In this assignment you need to write the code to set up the visual representation of the hand-held and handle all of the various buttons. This should give you some ideas of how to set up the interface for the second project. Note that if you with to use fluid, the fltk user interface designer, then that's OK ... though personally I thought it was easier to complete this project without using fluid.
When the PDA is turned on (the simulator application is run) it will display an introductory graphics screen (a gif file) and read in several data files:
- pictures.txt - a text file containing the filenames of images (maximum of 100) for the pda to display. All the images will be gif files. All will be 320 pixels tall by 240 pixels wide.
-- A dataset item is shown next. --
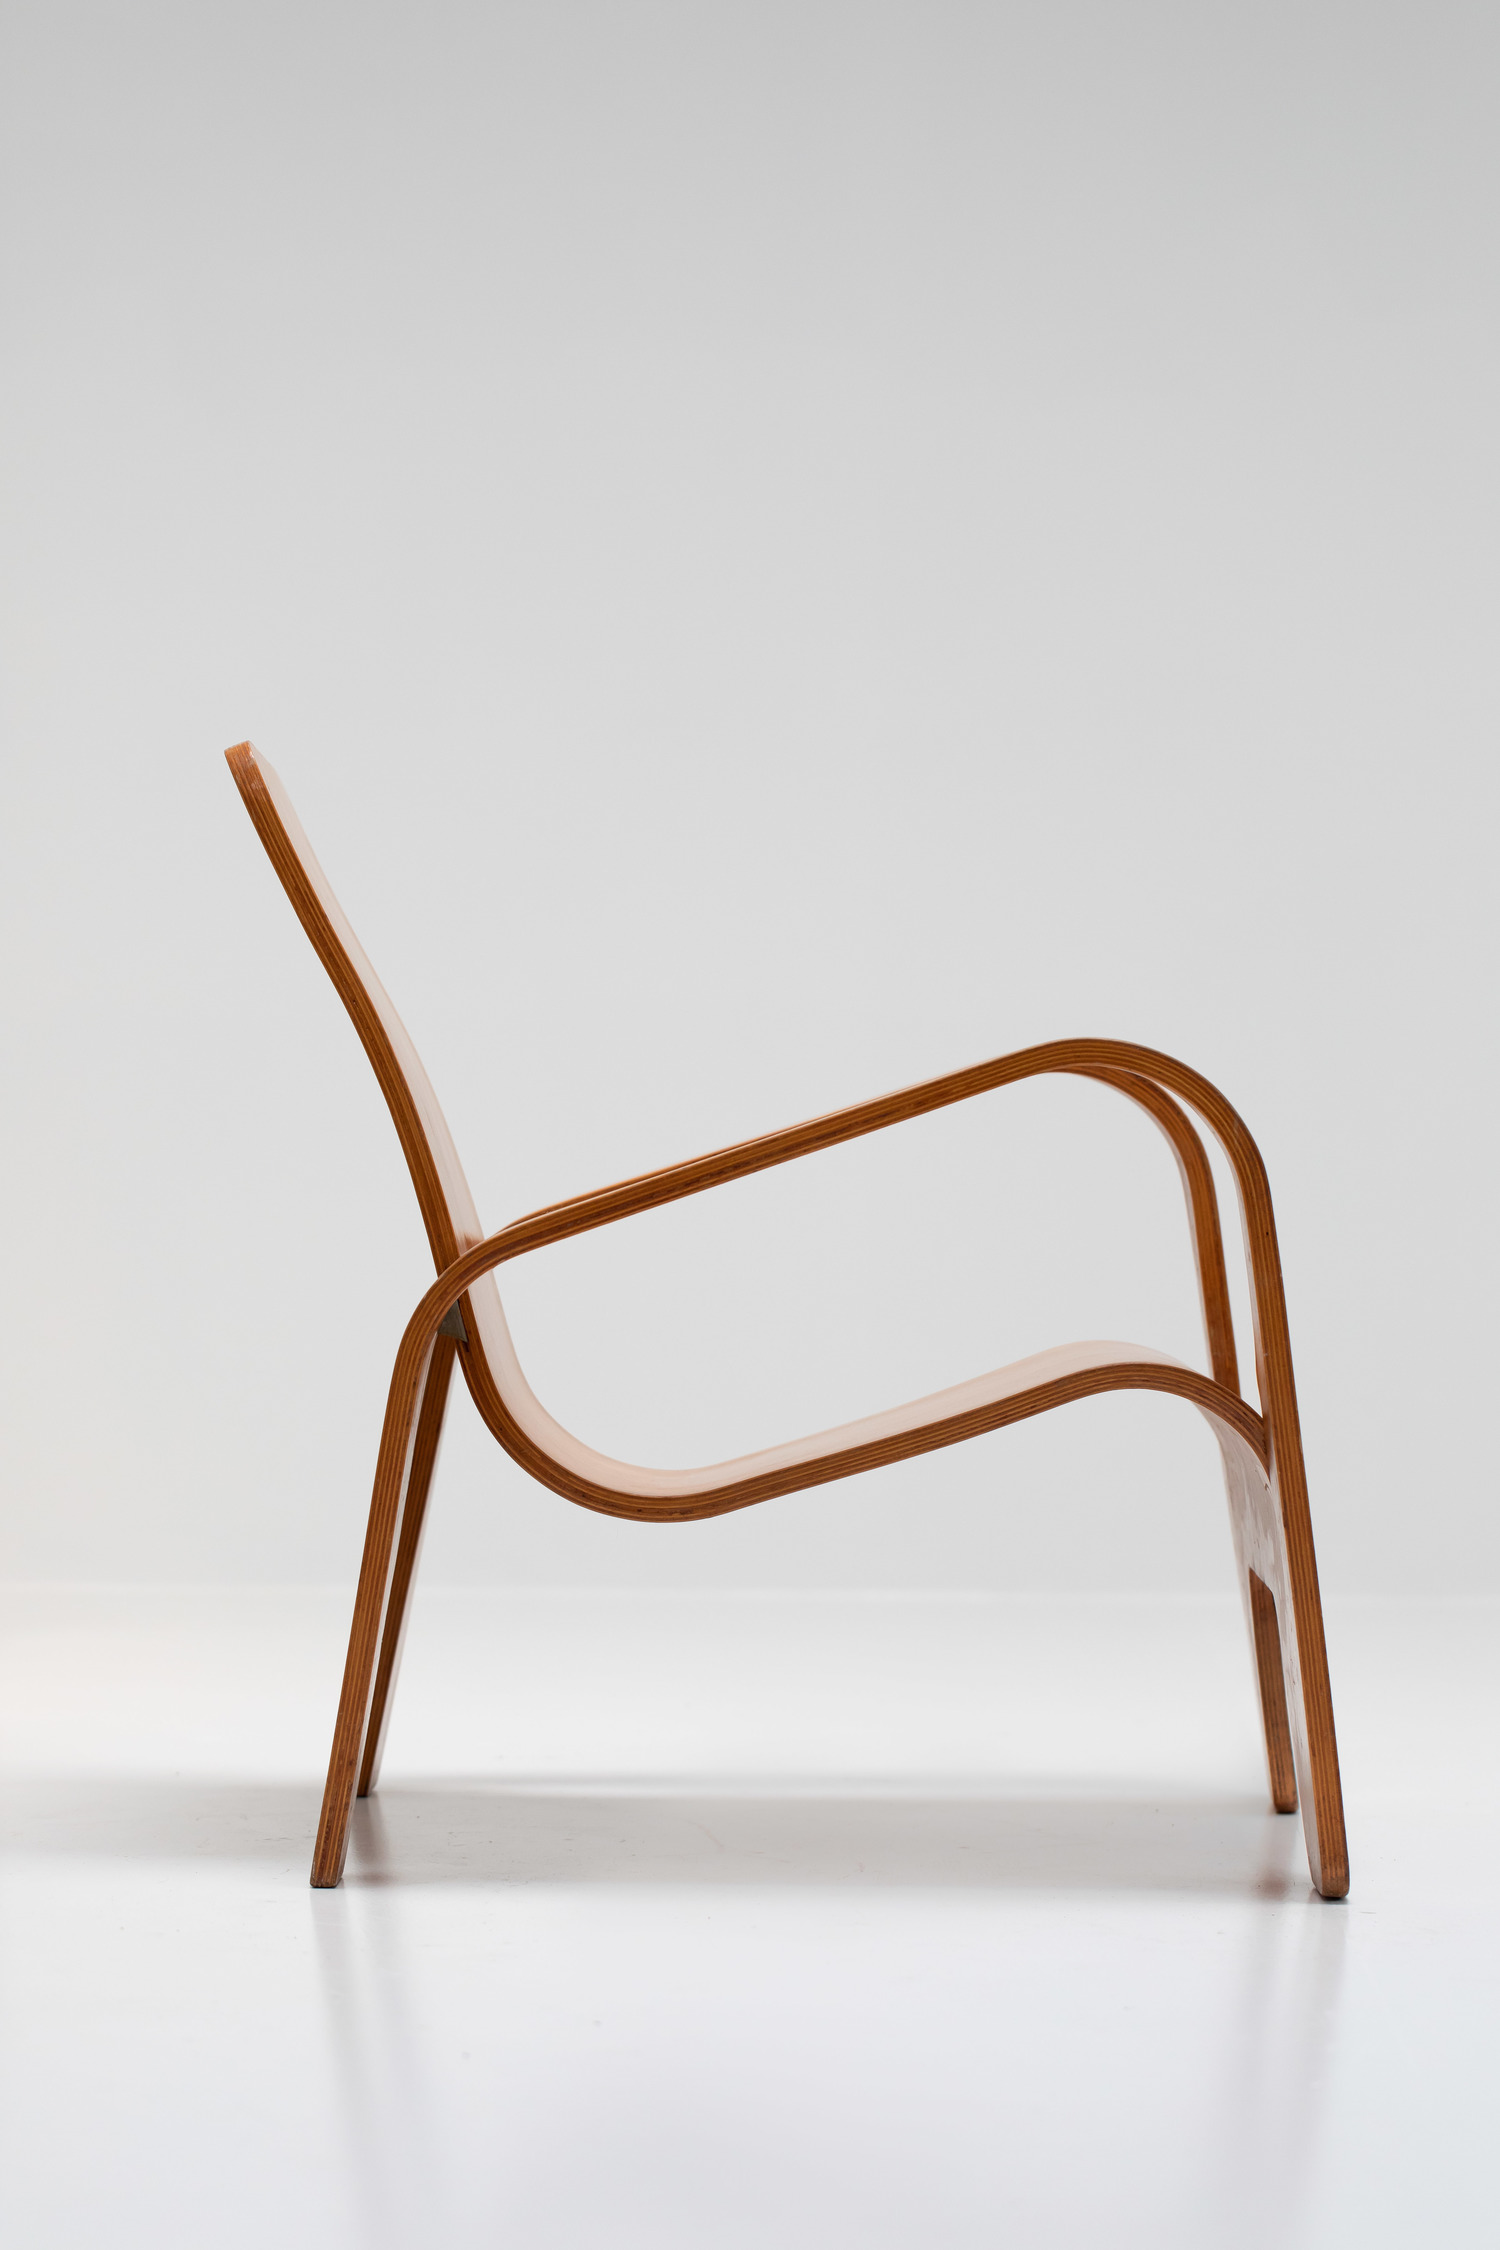 LAWO chair by Han Pieck 1946

- index.html - a simple html file for the pda to display.
- survey.txt - a text file containing a list of short questions (maximum of 100) for a survey.
Samples of these files (and images) can be found below. Note that the final testing files will follow these same formats but will not be the same files.
index.html
survey.txt
pictures.txt
title.gif
nasa1.gif
nasa2.gif
nasa3.gif
nasa4.gif
nasa5.gif
The 4 main buttons will perform he following tasks:
far left - bring up the picture browser (using Fl_GIF_Image). The first picture from pictures.txt is displayed. Using the scroll-wheel the user can scroll through the various pictures, bringing each one onto the screen in turn.
left center - bring up the html browser (using Fl_Help_View). This will display the index.html file and allow the user to move through it using the scroll bars that will appear if needed on the screen. The user should also be able to scroll through the html file using the scroll-wheel.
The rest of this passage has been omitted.